22
Демоны тебя раздери, Анри Феро! Мог ты просто сказать: «Да, давайте устроим этот дурацкий прием!» — я бы пережила. Нет, тебе зачем-то потребовалось играть в джентльмена, хотя ты им отродясь не был.
Я ударила кулаками по коленям — так, что Мэри вздрогнула и едва не выронила щетку. Она только что помогла мне раздеться, и я сидела перед зеркалом в накинутом поверх сорочки халате. Весь вечер Анри не отходил от меня ни на шаг, но по дороге домой мы молчали. Он не пытался завести разговор, а я и подавно — от него по сиденью лишь чудом не расползался иней. В гостях у Винсента и в экипаже рядом со мной были два разных человека.
— Миледи, позвольте?
Я раздраженно дернула плечом, но все-таки кивнула, и камеристка принялась расчесывать мне волосы. Настроение портилось с каждой минутой. Нет-нет, но я поглядывала на дверь в надежде, что он войдет, нахально улыбнется, выставит Мэри — пока его время еще не истекло, и все будет по-старому. Вот только время шло, а Анри не шел. Даже Кошмара нигде не наблюдалось, хотя я уже привыкла к тому, что этот кот постоянно путается под ногами и осыпает шерстью все, к чему прикасается.
— Как прошел вечер, миледи? Как ее светлость? И леди Лавиния?
— Замечательно, — буркнула я. — Покоряют Лигенбург.
— Не сомневаюсь, что леди Лавиния пользуется успехом. Она очаровательна.
— А я?
Я спросила это вслух? Я безнадежна.
Мэри побледнела — самую малость. За годы работы камеристка изучила меня отменно и знала, когда нужно помолчать, а когда лучше поговорить. Но к такому явно оказалась не готова. Возможно потому, что меня мало волновали вопросы собственной внешности, и еще меньше — кто и что о ней думает.
— Забудьте.
— Вы очень красивая. — Она мягко провела щеткой по натянутой пряди и отпустила. — Заплести вам волосы?
— Да, пожалуй.
— Вас можно поздравить?
Я удивленно воззрилась на нее через зеркало: руки камеристки порхали за моей спиной, проворно стягивая густые волосы в косу.
— О чем это вы?
— Ну как же… Комната теперь только ваша.
Камеристка улыбнулась, я же резко оттолкнула ее руки и вскочила.
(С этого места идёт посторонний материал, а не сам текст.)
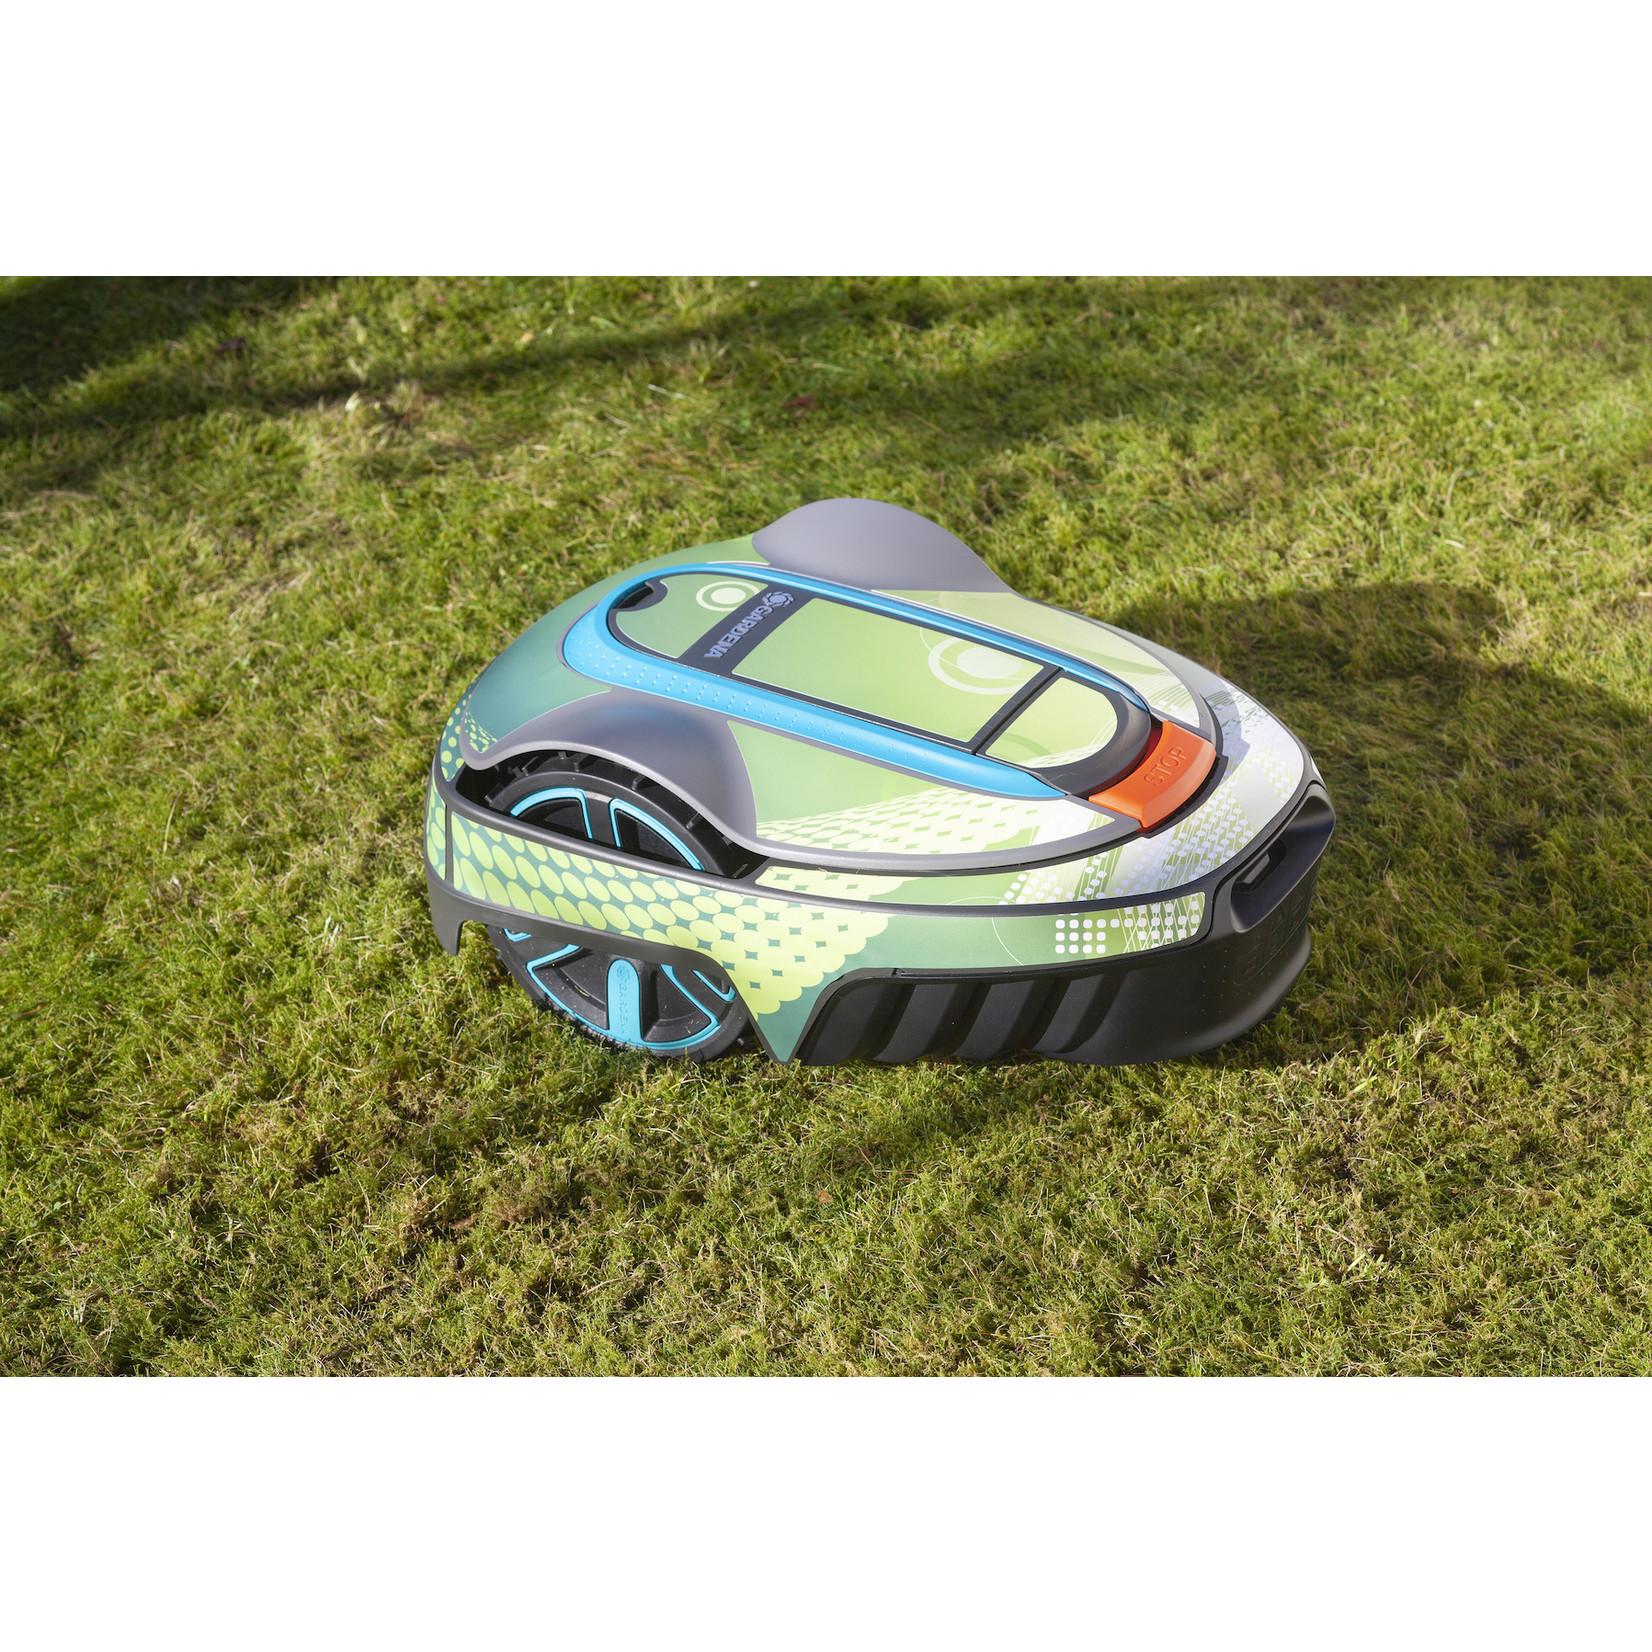 Twinckels Twinckels outfit voor Gardena Robotmaaier Sileno - Geo Regenboog

Метнулась к гардеробной, рывком распахнула двери. И замерла. Синее платье Мэри вернула на плечики: надорванное, оно еле-еле держалось, но одежды мужа не было. Пустовали полки для рубашек и шейных платков, сиротливо болтались вешалки, на которых еще вчера висели сюртуки и жилеты. Коробки из-под его обуви тоже исчезли.
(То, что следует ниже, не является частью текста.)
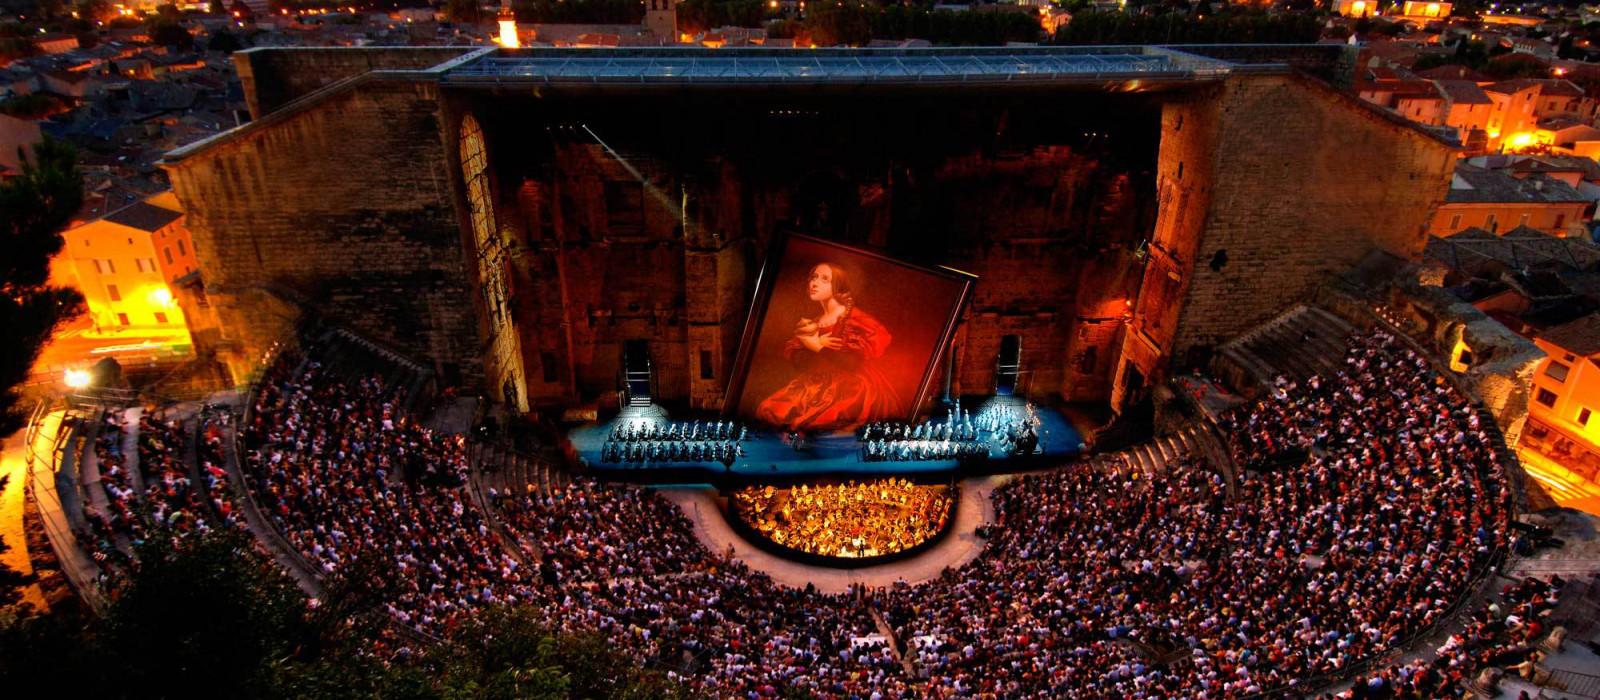 Des airs d'opéra en plein air

— Миледи, не переживайте, — затараторила камеристка. — Его вещи собирал камердинер, но я стояла и смотрела, чтобы ничего не помял и не повредил. Все время, что он здесь был. Эти вэлейцы такие грубые и неуклюжие…
— Замолчите.
Гулко ухало сердце. Я смотрела и не могла поверить глазам, собраться с мыслями не получалось. Наверное, это можно назвать победой. Я же этого хотела. Хотела, чтобы Анри оставил меня в покое, чтобы исчез из моей жизни. Решил переехать в свою пыльную комнату — туда ему и дорога! Я его не прогоняла. А до того, как он приволок эту тряпку, раз десять повторила, что не желаю видеть ее в гардеробе. При мысли о «тряпке» стало совсем тоскливо, сердце будто сжала ледяная рука.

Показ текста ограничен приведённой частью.